The Lido V3 market on @aave has been live for 48 hours and just surpassed $200m in market size 👻
Here’s what you need to know 👇 pic.twitter.com/aNSGxsq2fy
— Lido (@LidoFinance) July 31, 2024
This helped AAVE recover in price. The platform also experienced a significant bump in the total value locked (TVL) with a near 10% increase since yesterday. However, the broader market seems to be at odds with Aave’s recent bullishness.
The 2nd quarter revealed some cracks within the lending portion of the decentralized finance (DeFi) space. According to CoinGecko’s 2nd Quarter research, over $31.87 billion in TVL is dedicated to lending, marking a significant cut of the pie on DeFi. However, the main functions of DeFi such as staking, lending, and cross-chain bridges saw a huge decrease in TVL, totaling over $8 billion.
The value that left these sectors returned in the form of restaking in other platforms or to basis trading protocols that saw a whopping 154% increase in TVL in Q2.
This decrease in lending activity also translated to the assets on the platform. Blockanalitica reveals that a majority of the wallets that hold collateral on Aave are either medium or high risk.
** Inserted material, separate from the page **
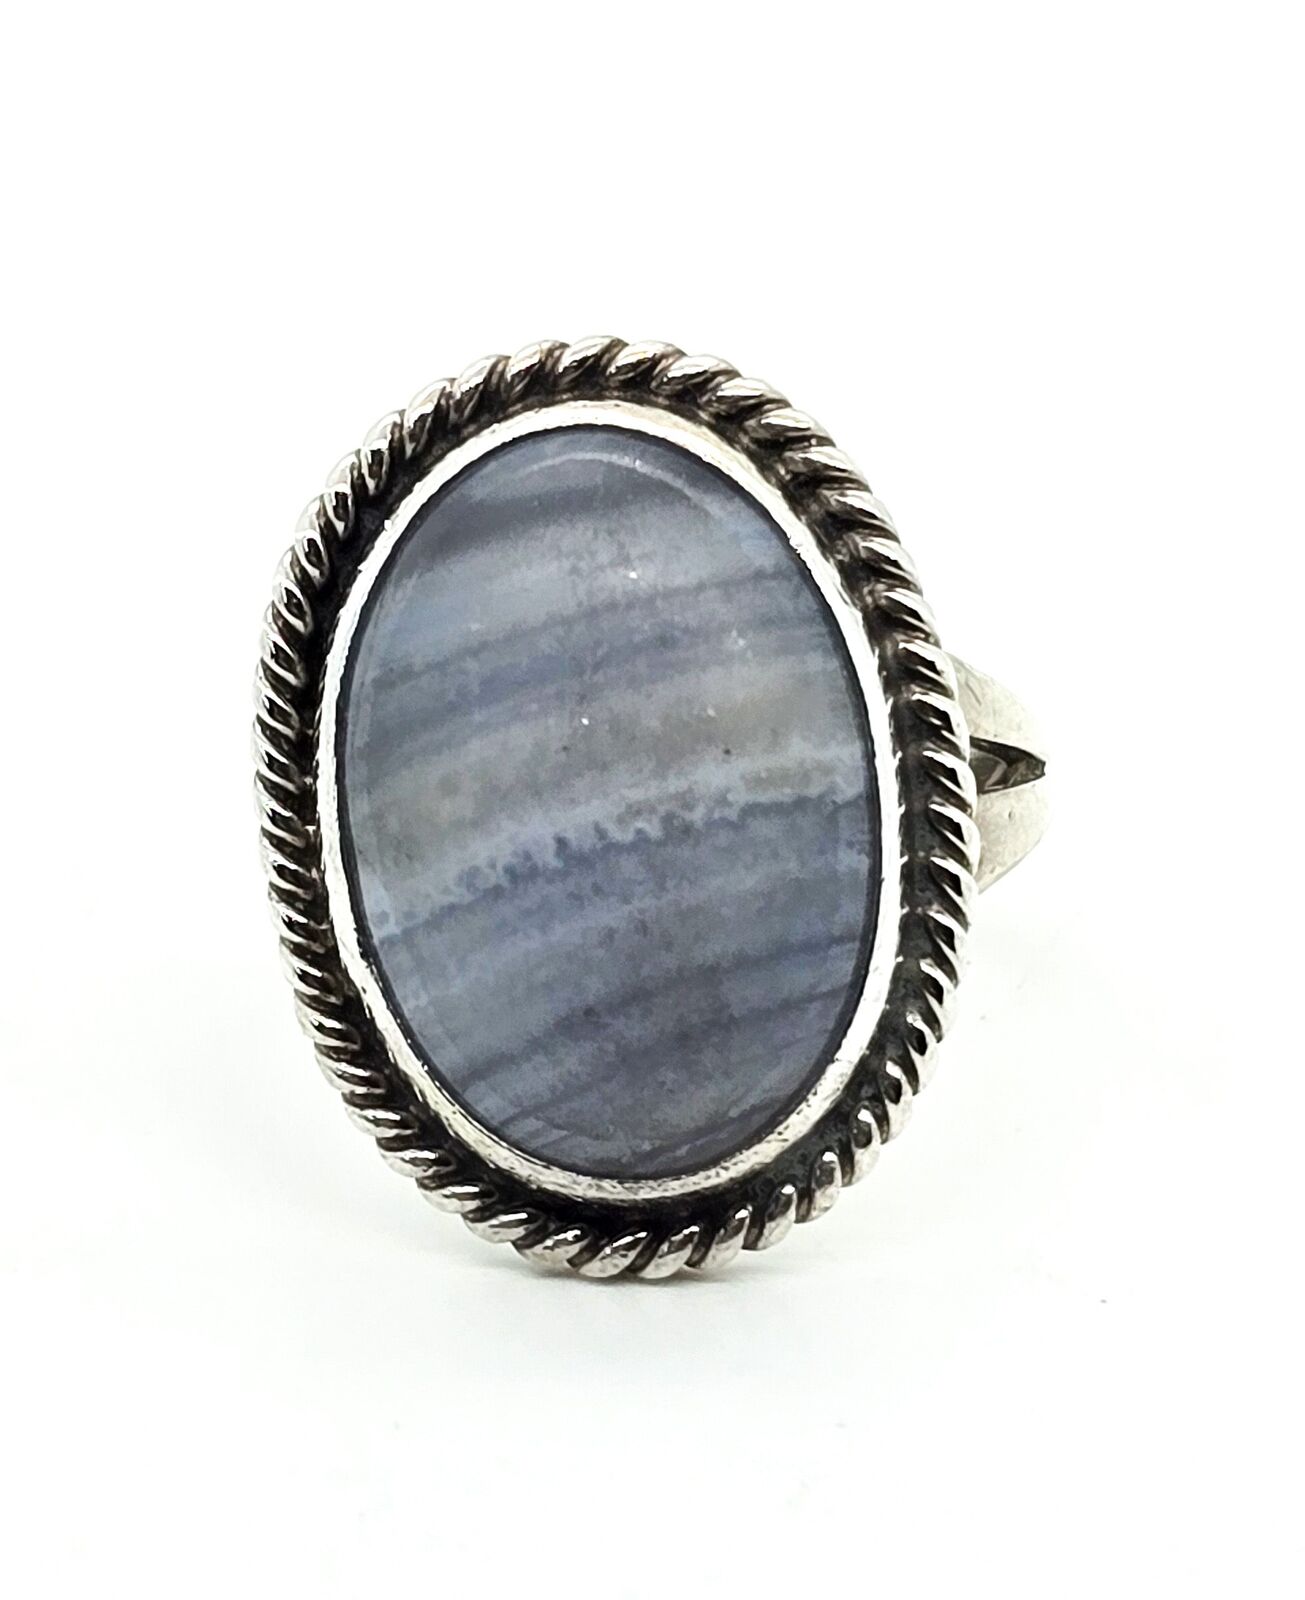 Gilo & Grace Nakai Navajo Blue lace agate vintage sterling silver ring size 6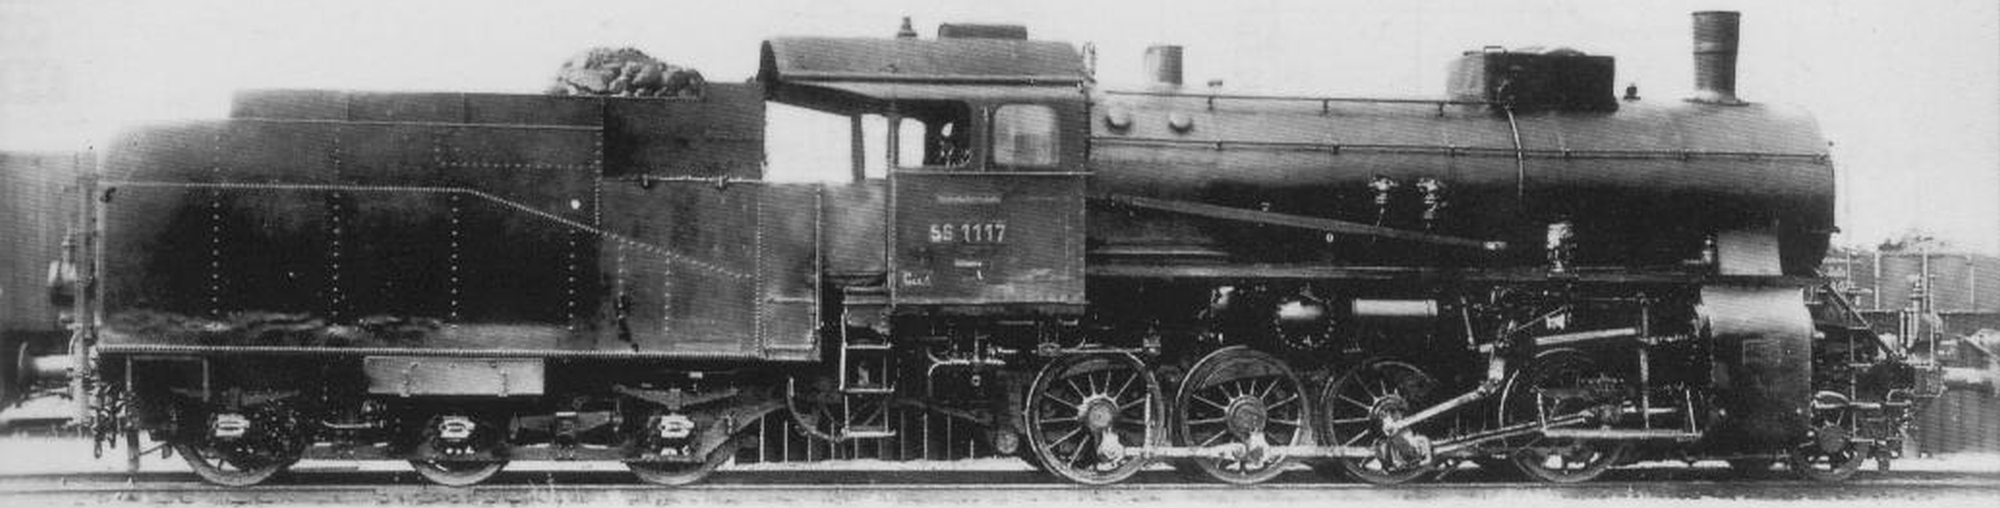 The 56 1117, one of the last examples, at the time of the Deutsche Reichsbahn

If the market drops by 25%, majority of the wallets are in the red which represents liquidation. This shows that lending on DeFi remains to be dangerous, especially with the current market volatility experienced this week.
A Short Squeeze?
AAVE is currently occupying the range between $93 and $102. This position, although a big downgrade from its return from June price levels, is a solid support for a possible breakthrough in the near future.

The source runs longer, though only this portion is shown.